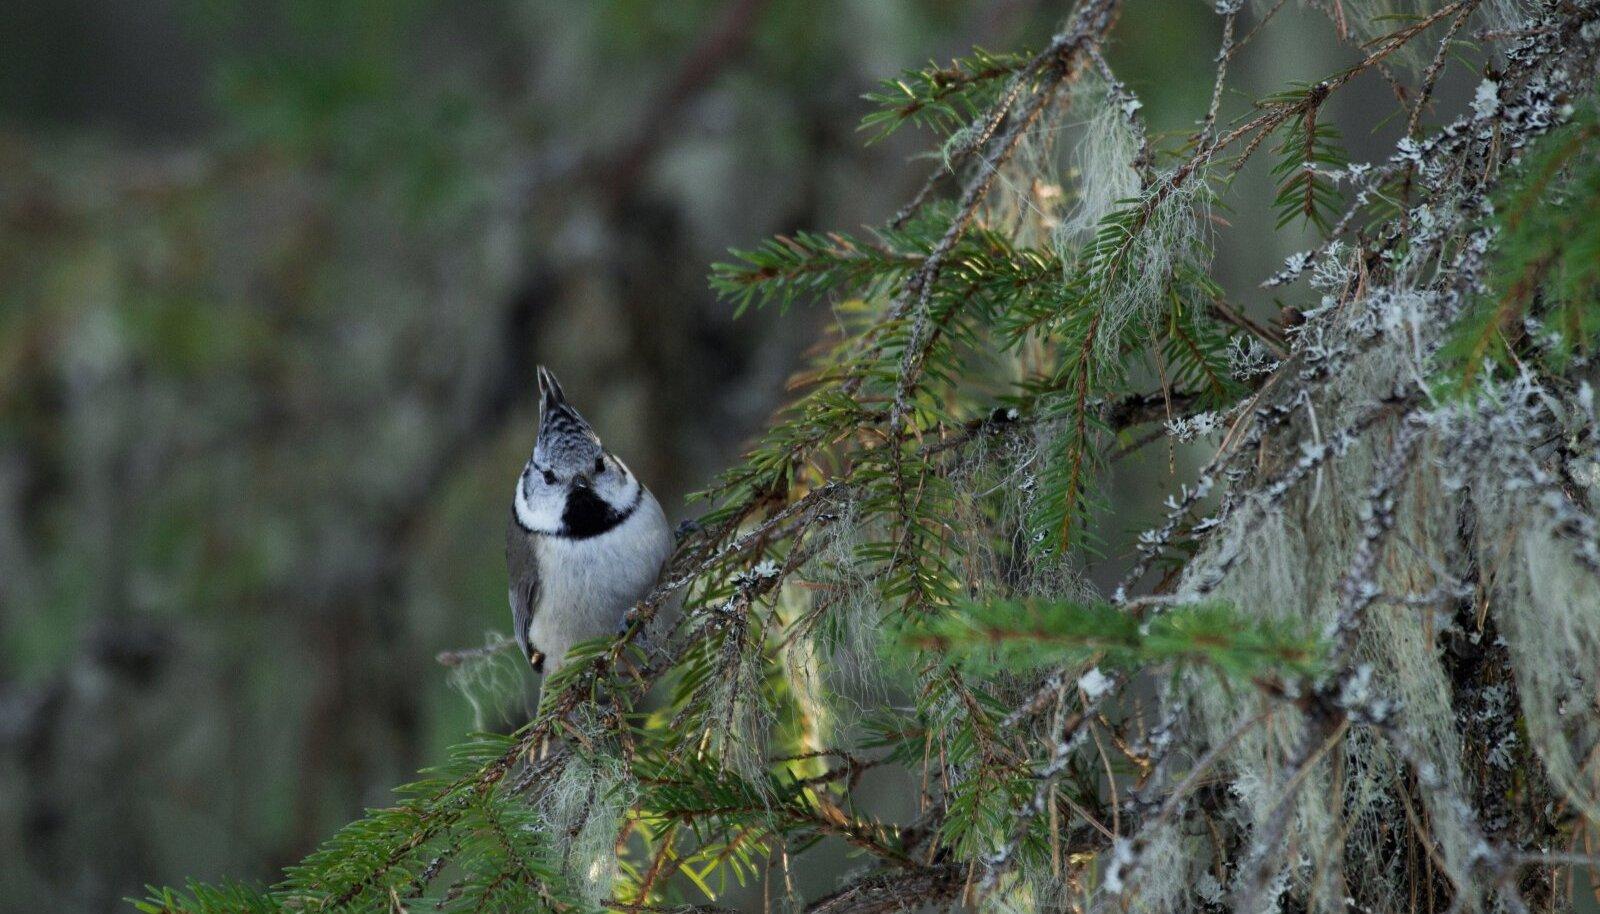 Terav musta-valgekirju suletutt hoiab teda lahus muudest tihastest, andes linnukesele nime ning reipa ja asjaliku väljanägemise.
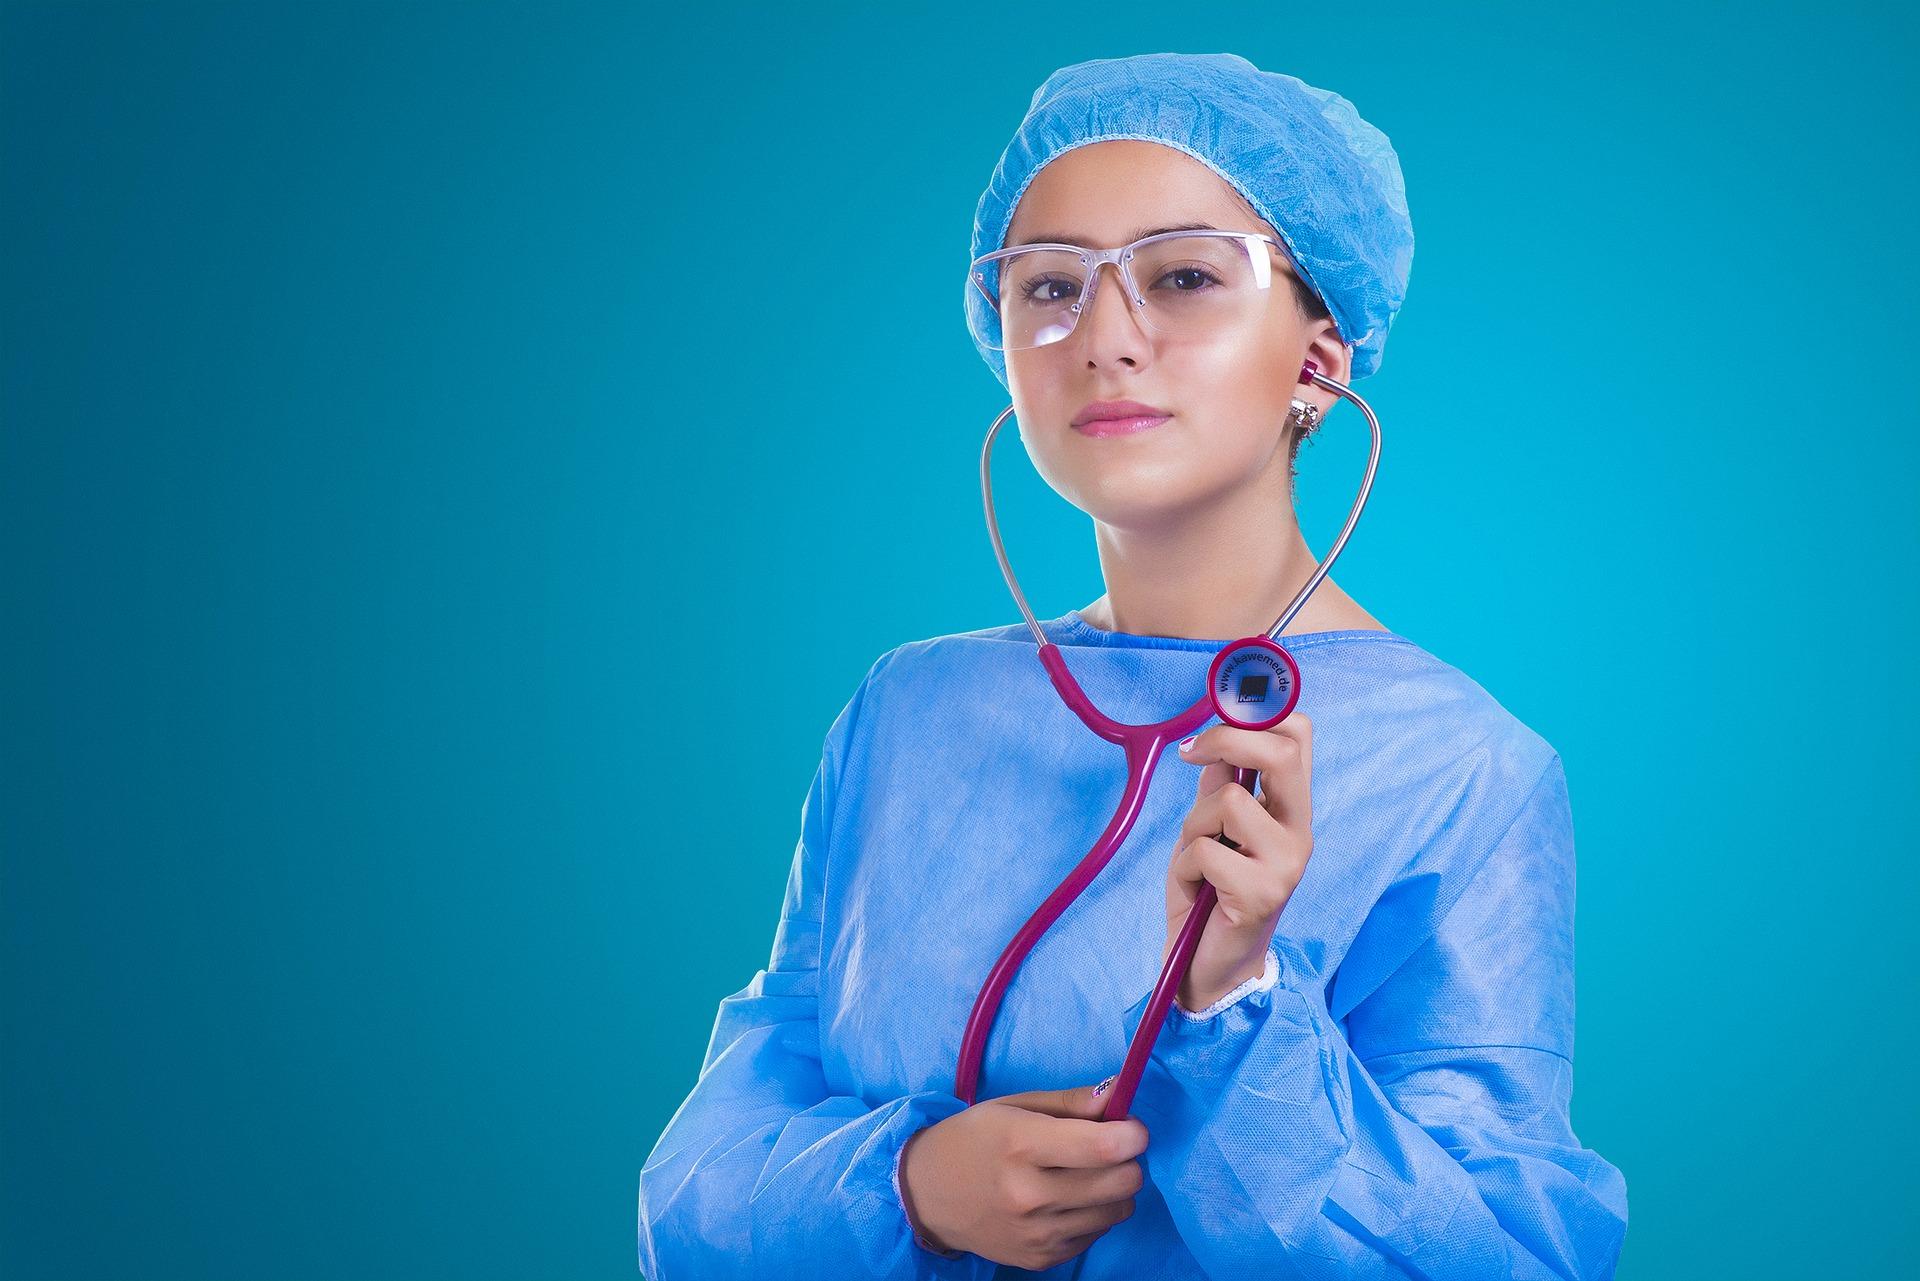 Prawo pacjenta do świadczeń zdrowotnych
==
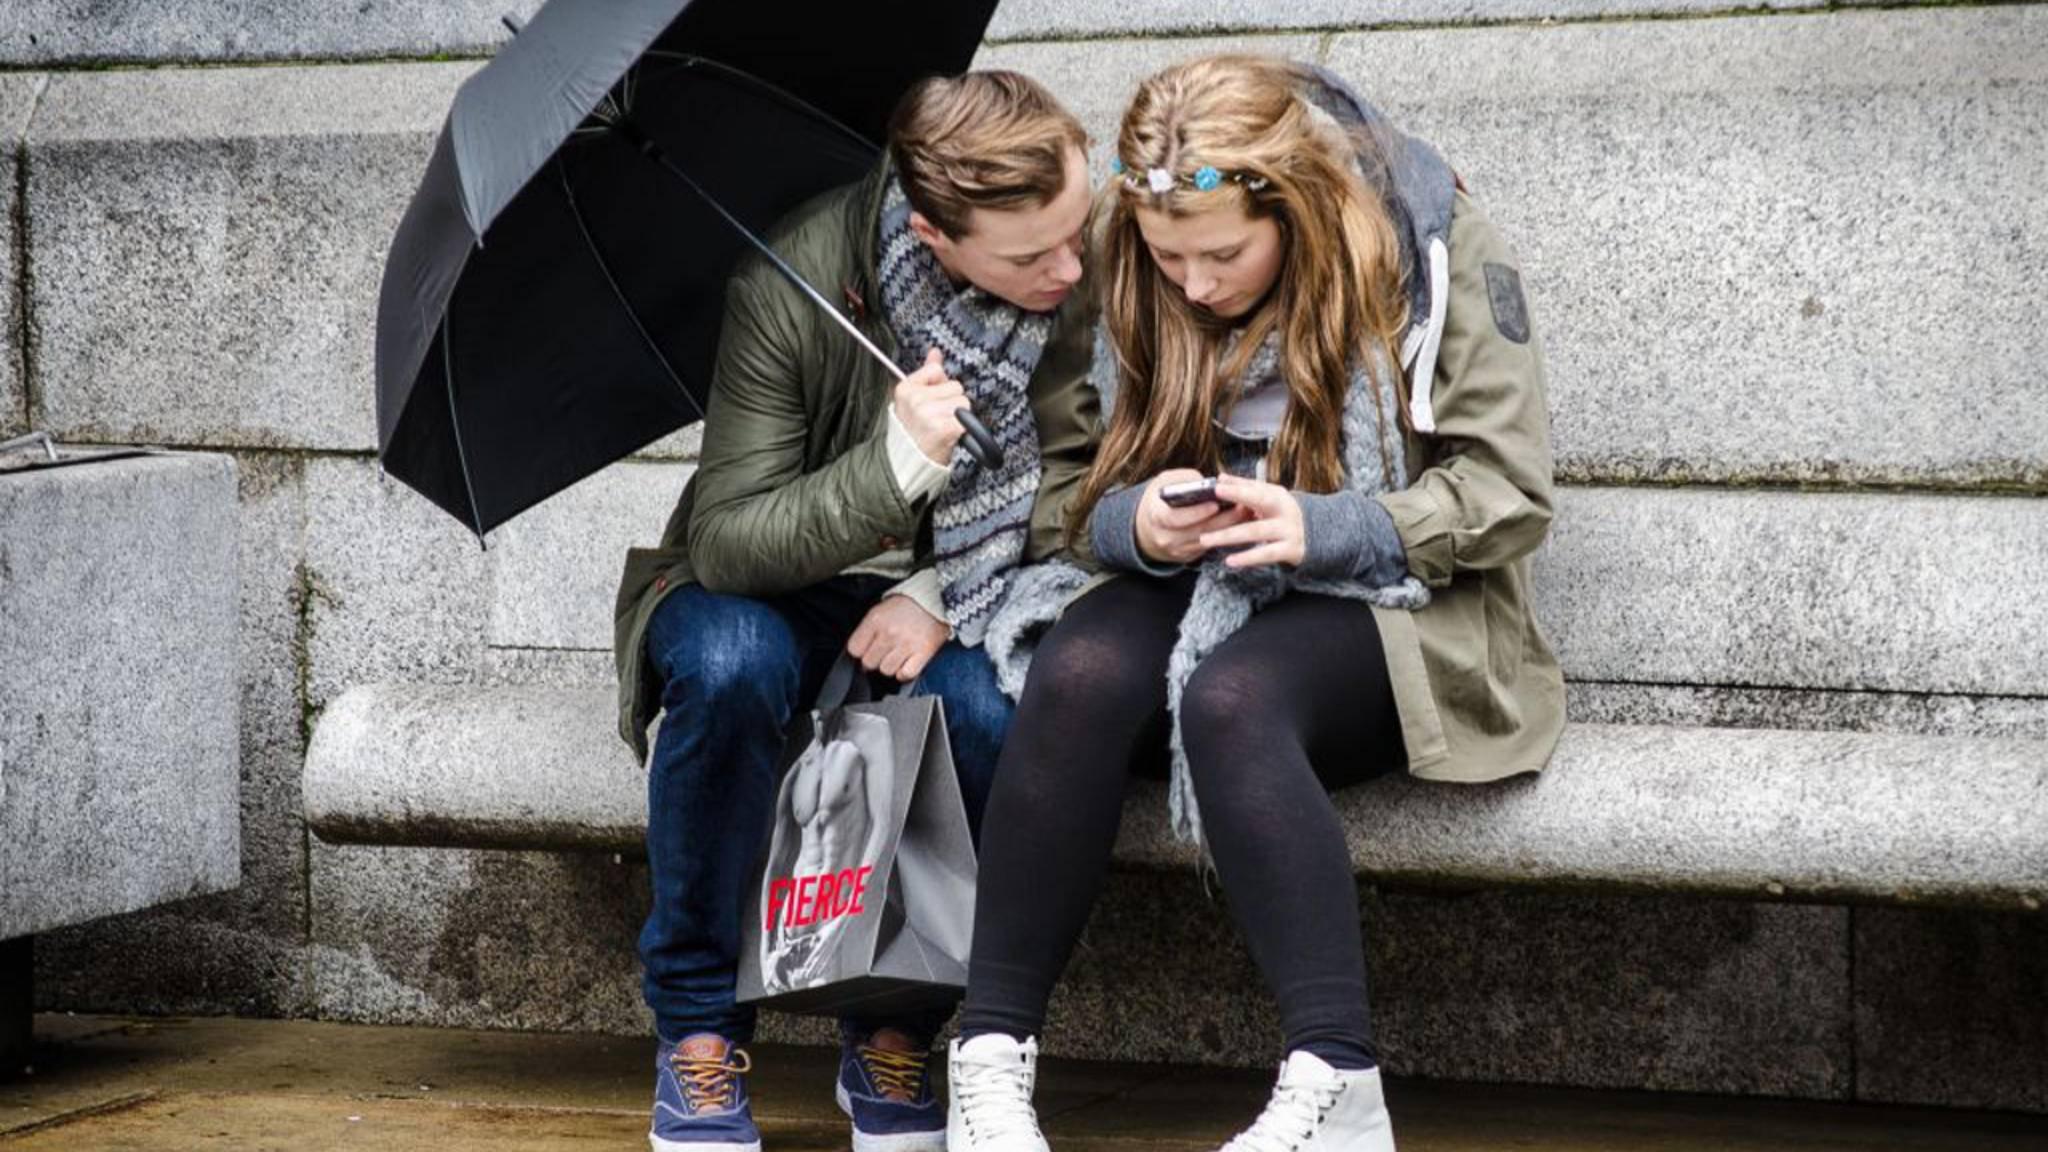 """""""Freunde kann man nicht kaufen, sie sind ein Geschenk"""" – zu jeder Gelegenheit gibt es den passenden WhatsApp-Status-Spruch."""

- Your objective: Write out exactly the lines above between the one with "Terav musta-valgekirju suletutt" and the one with "Prawo pacjenta do świadczeń zdrowotnych", inclusive, with pictures left out.

- Task result:
 Terav musta-valgekirju suletutt hoiab teda lahus muudest tihastest, andes linnukesele nime ning reipa ja asjaliku väljanägemise.
 Prawo pacjenta do świadczeń zdrowotnych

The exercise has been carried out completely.